Randy Laine

= Randy Laine =

American big-wave surfer

Randy Laine (born Elliott Randolph Laine on July 17, 1952 in North Carolina) is an American big-wave surfer, co-pioneer of tow-in surfing, extreme watersports athlete, celebrity-enthusiast, television personality, commercial product endorser and spokesman, and on occasion a men's fashion and action-sports model. Laine is considered to be one of the top, if not the best professional freestyle Jet Skiers to date.
In October 2008, Laine will be inducted into the IJSBA's (International Jet Sports Boating Association) Hall of Fame, where he will be honored for inventing many of the extreme aerial maneuvers used in freestyle jet ski competition today.
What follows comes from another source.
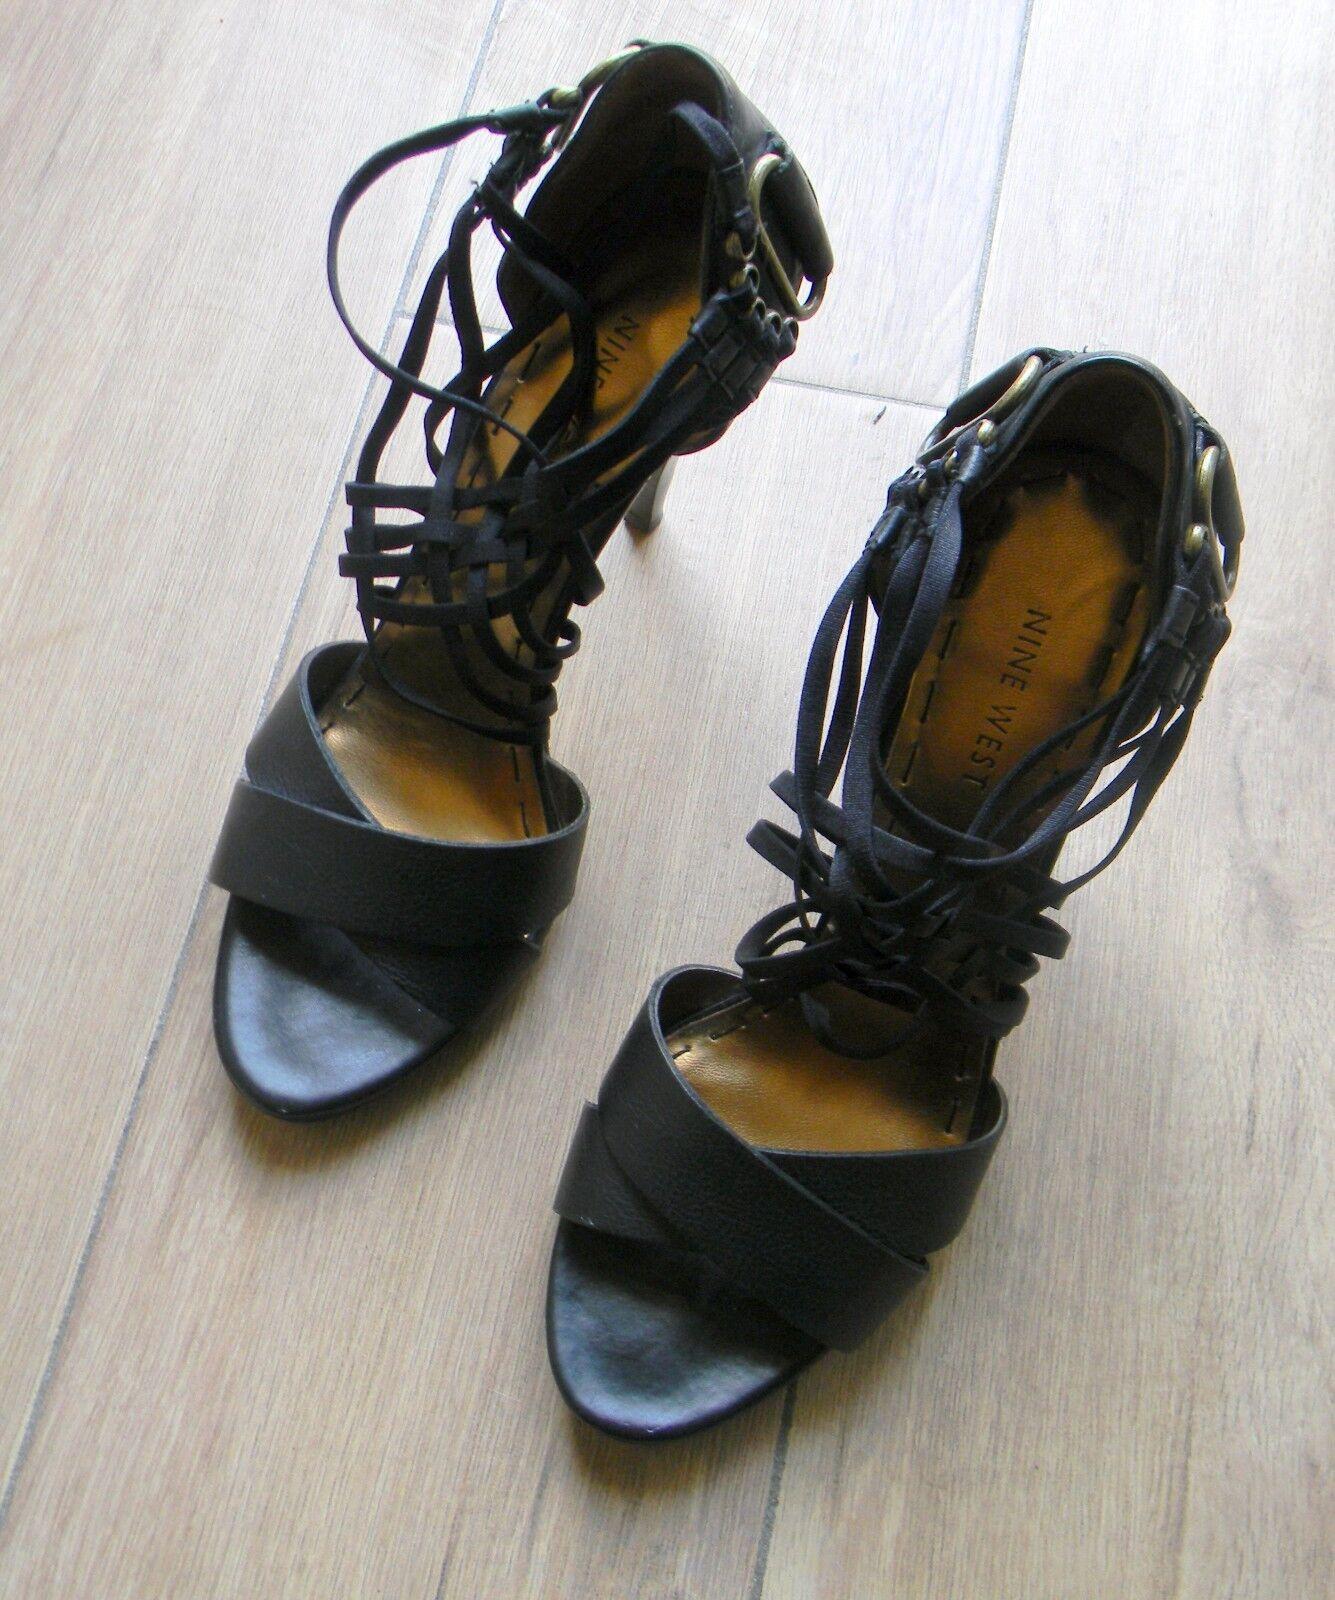 Splendides chaussures noires en cuir 38

The ceremony is to take place in Lake Havasu, at the conclusion of the IJSBA World Finals.

==Biography==
Laine, who is nicknamed "The Father of Freeride" is sponsored by Red Bull, Billabong, Jet Pilot, Pro Tec, Skat Trak, and Hydro Turf, and has appeared in and on the cover's of over two dozen magazines, including a 1970's spread in Playgirl Magazine. In January 2001, as a part of the first documented expedition to the Cortes Bank, Laine set a world record for the biggest wave ever ridden on a jet ski (a Yamaha SuperJet), where he conquered a 72-foot wave. Beginning in 2002, Laine joined the Billabong Odyssey as marine coordinator, and has been searching for an unprecedented 100 ft wave to ride in an effort to set a record for tow-in surfing. Laine has resided primarily in San Diego, California for the last thirty-five years. He splits his time between San Diego, Baja California, Mexico, and the Northshore of Oahu, Hawaii. Laine has one daughter, fashion designer and model Michelle Laine. Randy Laine is the brother of professional surfer Wes Laine, and great nephew of american actor Randolph Scott, through his great grandfather Rufus Butler Scott. Both Randy and his sister Scott Laine, were named after their great uncle.